Consequently, it is expected that by the end of the current year, the budget deficit will stand at 2.7 per cent, while GDP will grow by 1.1 per cent. Erste claim this is a "systematic improvement in the fiscal balance since 2010" and those in the property market will no doubt heave a sigh of relief: A stable economy is integral to stimulating real estate activity.
Nevertheless, to ensure the economy continues its upward momentum, fiscal consolidation must continue. This will be helped by the country's new agreement with the International Monetary Fund, the European Union and the World Bank. The document is expected to be signed in April for another one or two years and has been agreed in principle by the president, the ruling coalition and the Central Bank.

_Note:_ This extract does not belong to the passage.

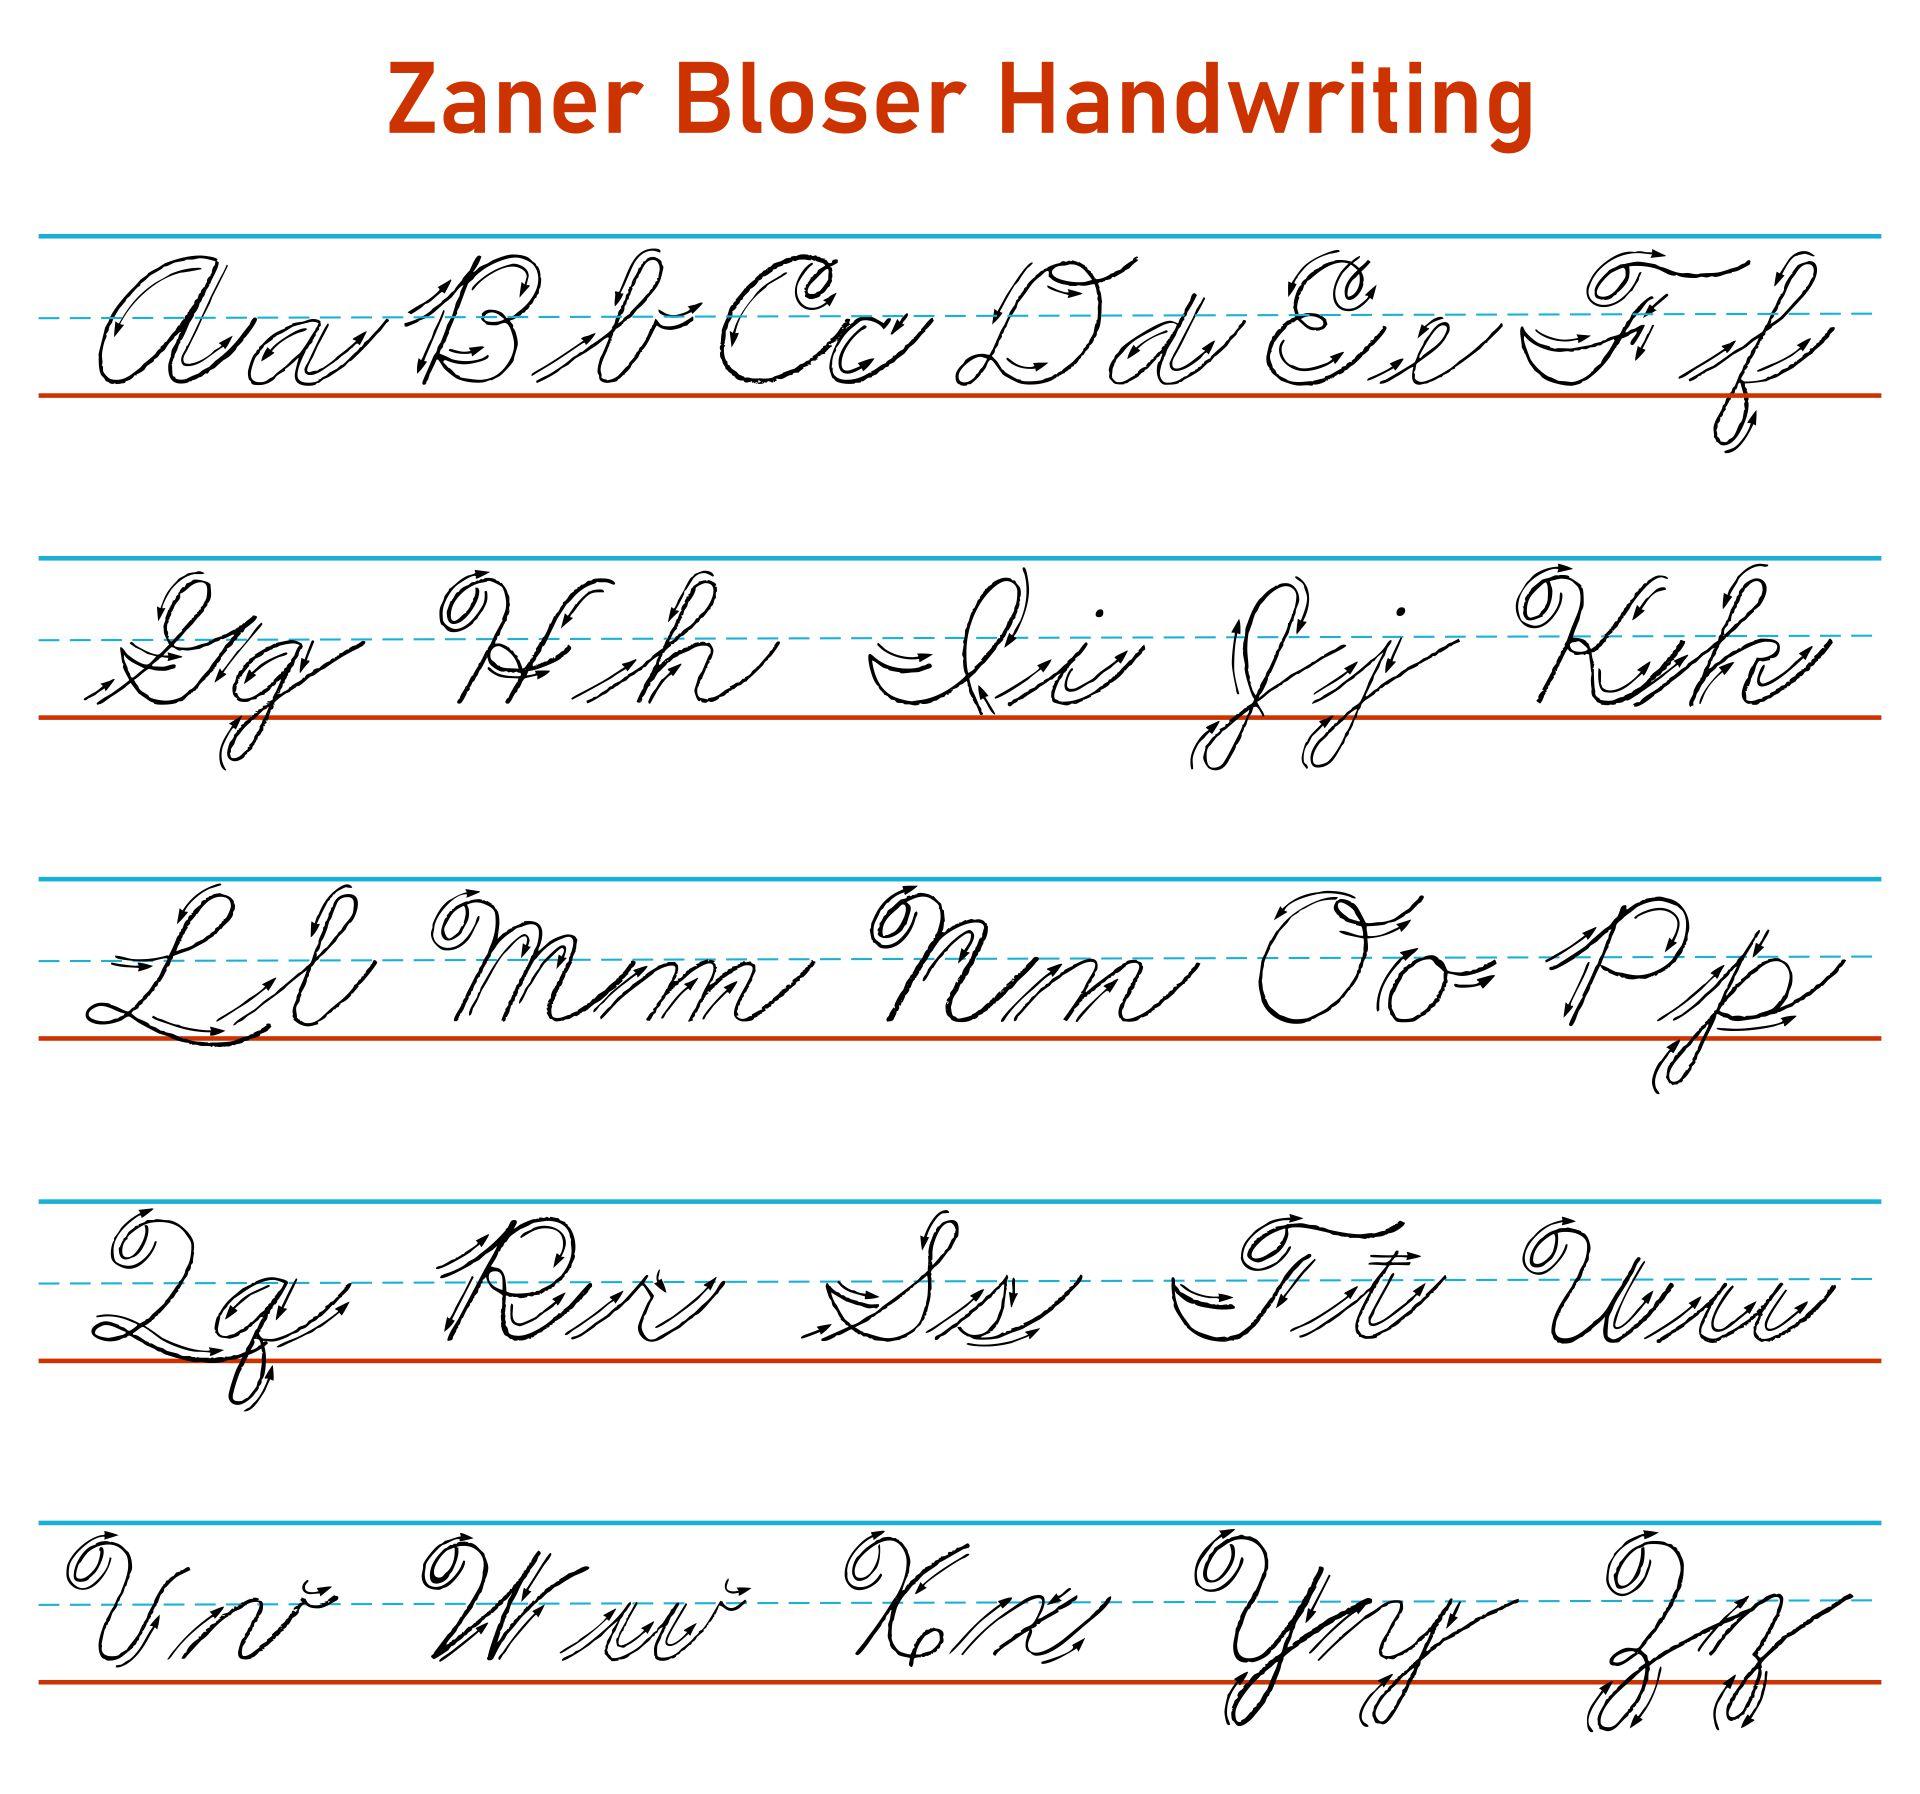 7 Best Images Of Zaner Bloser Handwriting Chart Printable

Monetary policy easing and real economy improvement is, however, viewed as unlikely in the immediate future, thanks to depreciation pressures, lack of purchasing power in households, and non-performing loans in the banking sector. This means that despite growth improvements, "the Romanian economy will still be trailing behind its potential in 2013," according to Ernst. Therefore, house prices are unlikely to return to pre-recession highs any time soon.
The Global Property Guide reported in September that Romania's real estate market would remain in the doldrums throughout 2012, with the average selling price of apartments in the country falling by 6.21 per cent during the year to August last year. Nonetheless, signs of economic improvement are still good news for the country and once stability returns, property activity is likely to pick up once again.